# Input data:

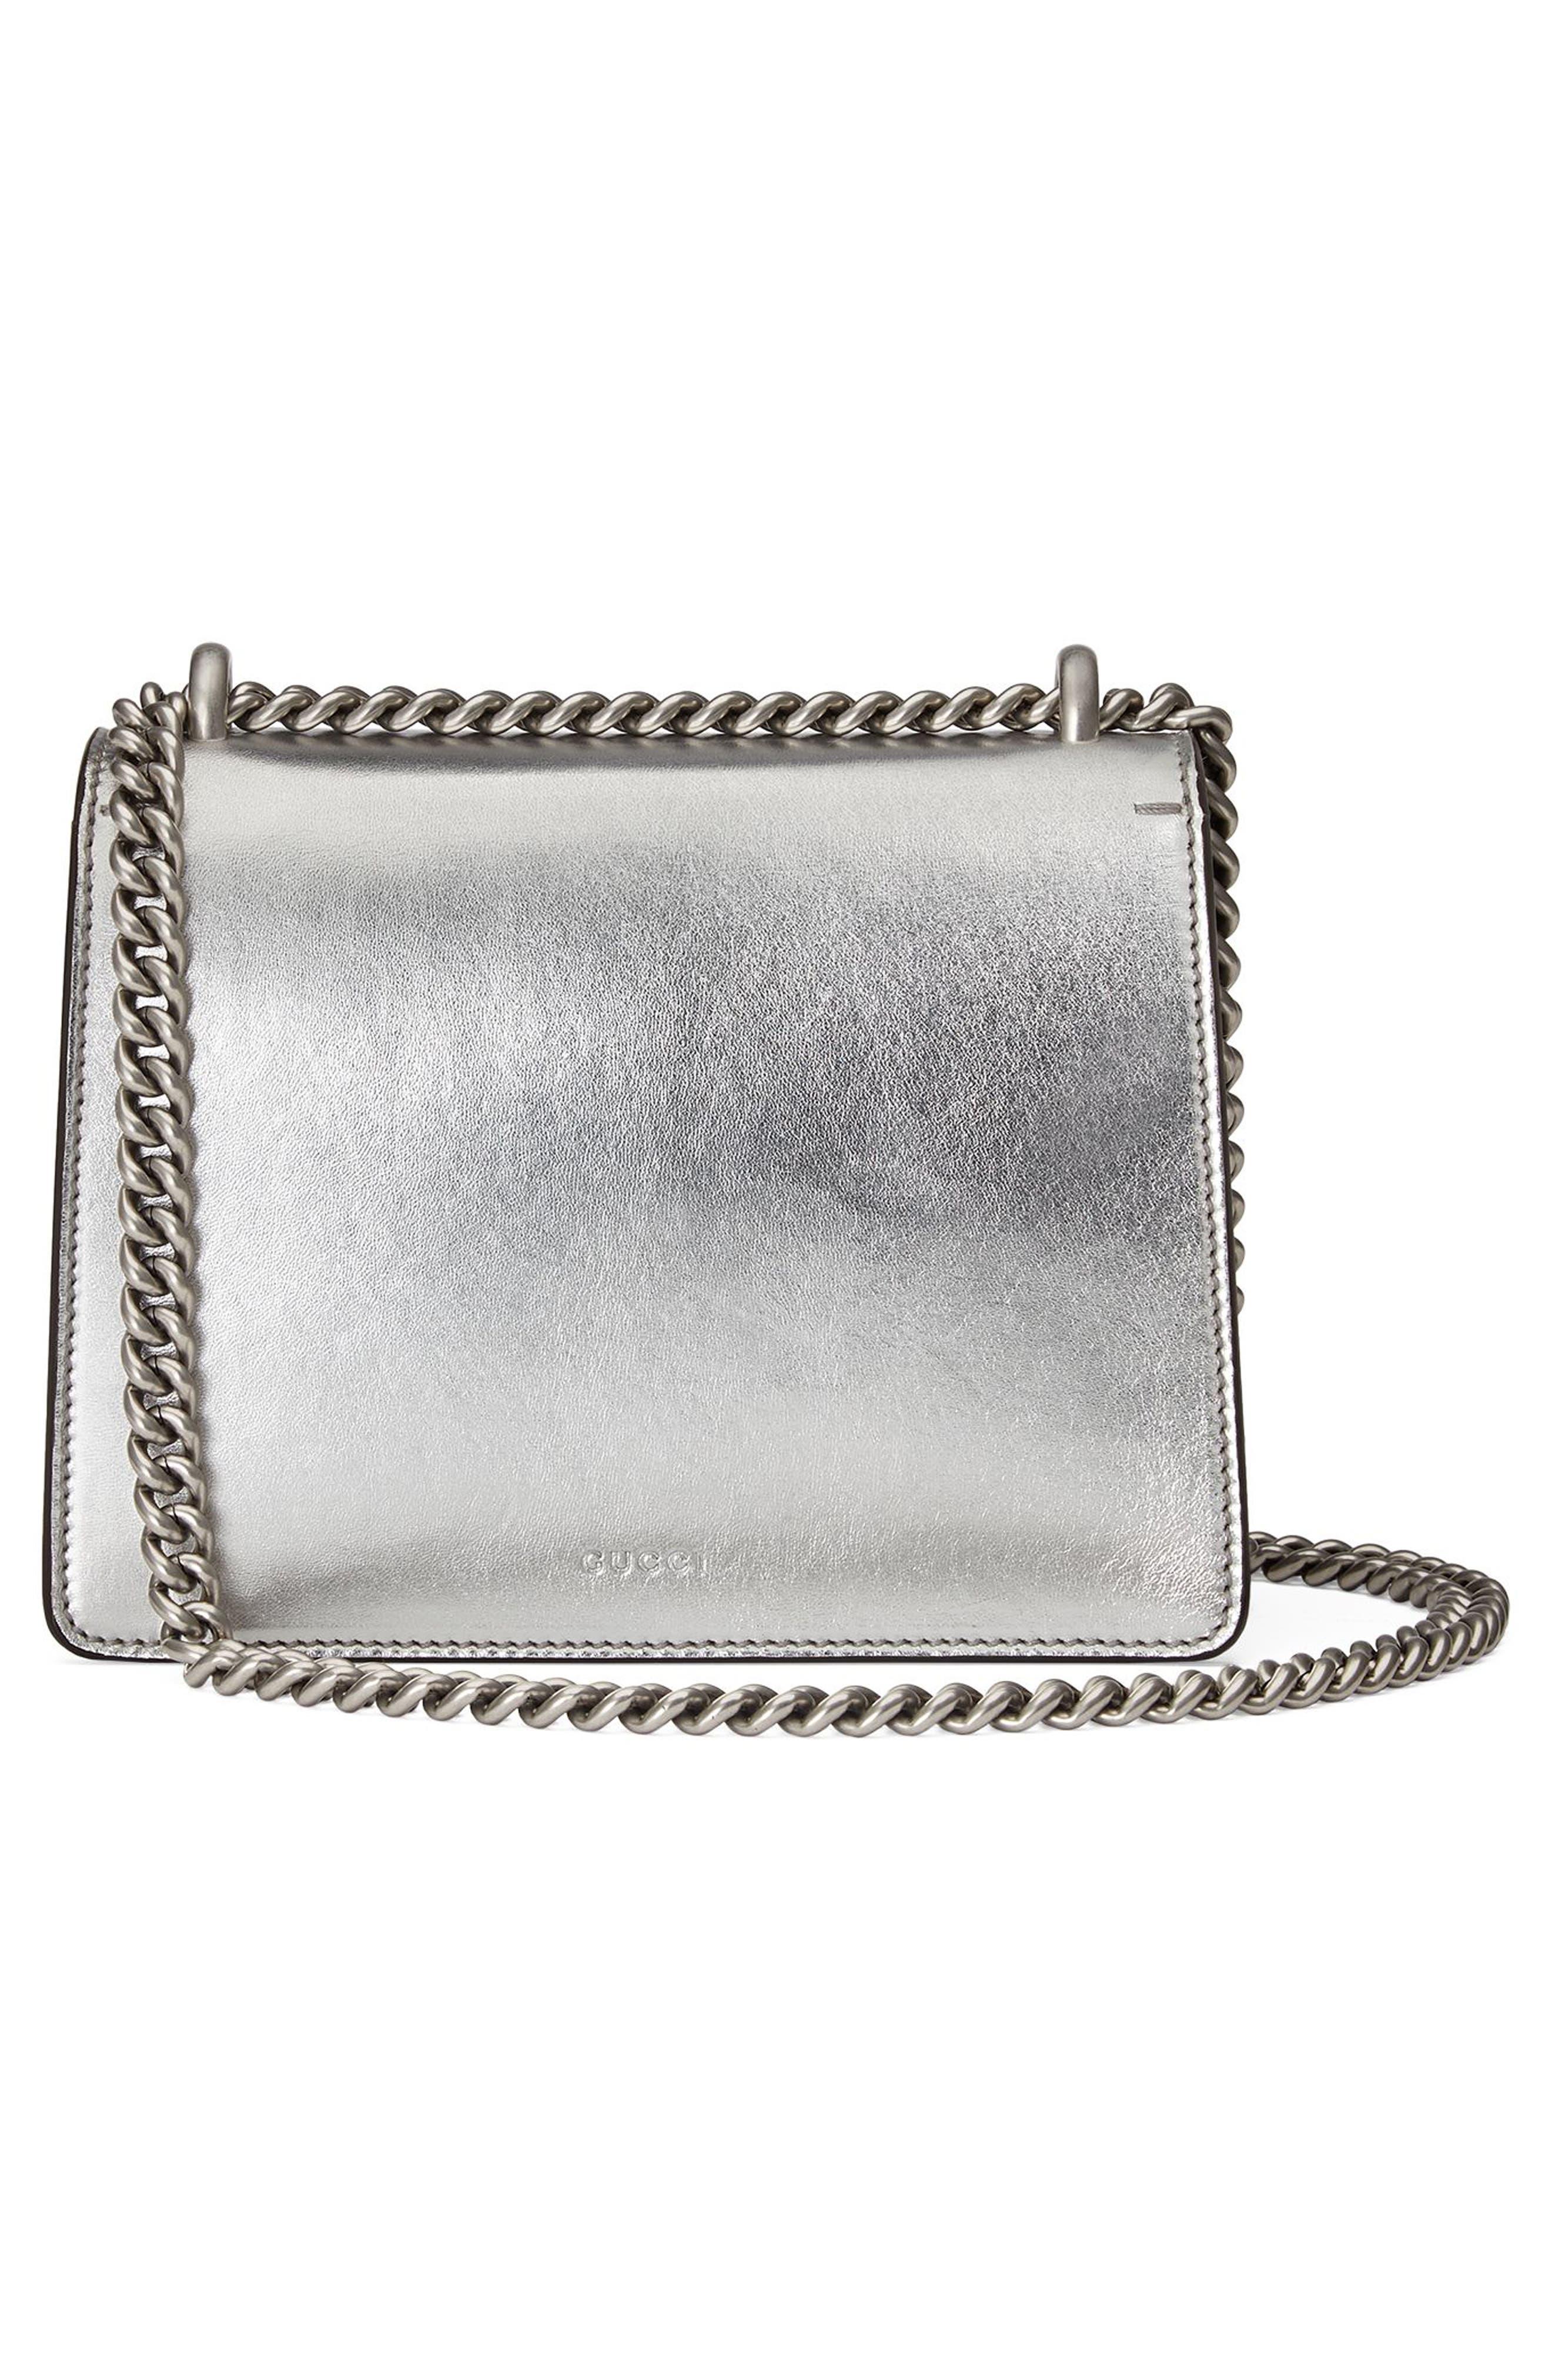 Alternate Image 2  - Gucci Mini Dionysus Metallic Leather Shoulder Bag
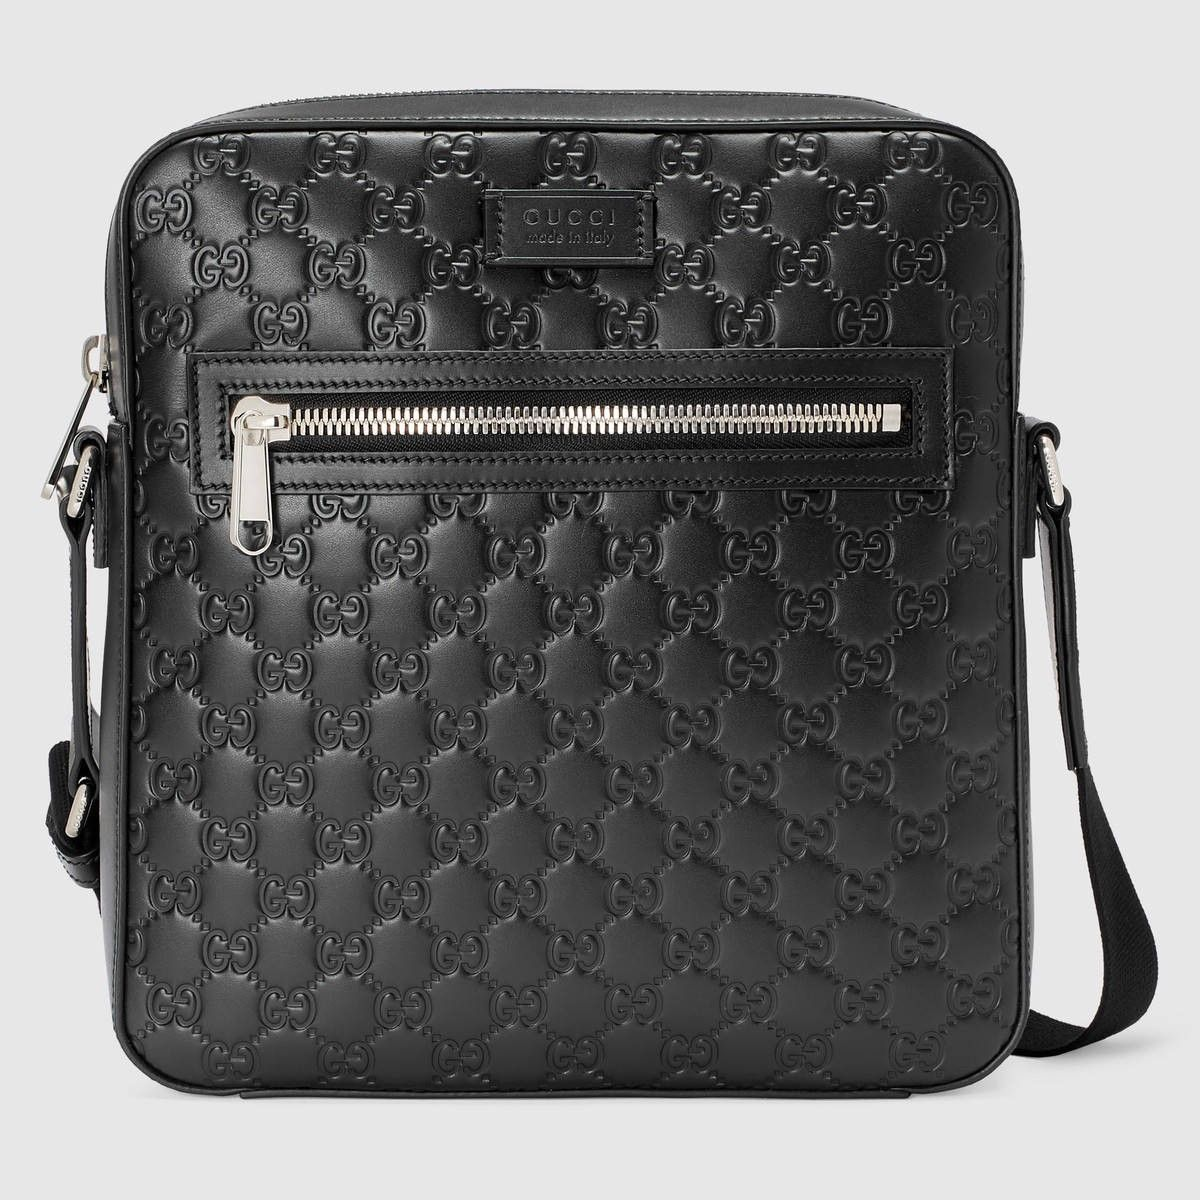 f3ab4765f2a2 GUCCI Gucci Signature Leather Flat Messenger - Black Gucci Signature. #gucci  #bags #shoulder bags #lining #nylon #suede #
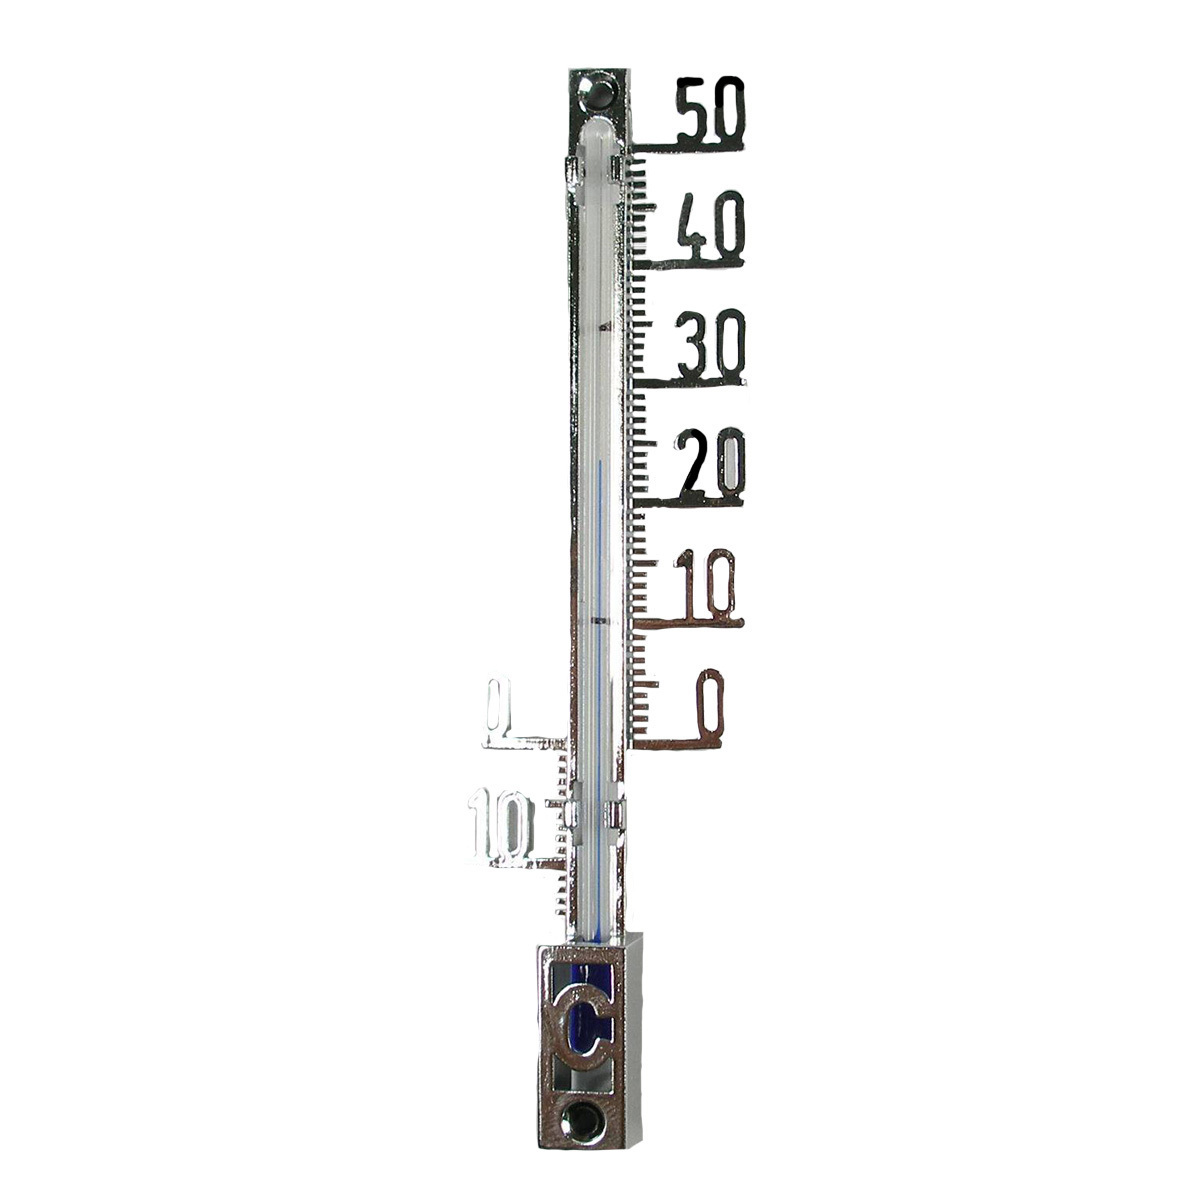 12-6000-54-analoges-aussenthermometer-1200x1200px.jpg

# Work order:
Reproduce the data above word for word, but leave the images out.

# Answer box:
 Alternate Image 2  - Gucci Mini Dionysus Metallic Leather Shoulder Bag
 f3ab4765f2a2 GUCCI Gucci Signature Leather Flat Messenger - Black Gucci Signature. #gucci  #bags #shoulder bags #lining #nylon #suede #
 12-6000-54-analoges-aussenthermometer-1200x1200px.jpg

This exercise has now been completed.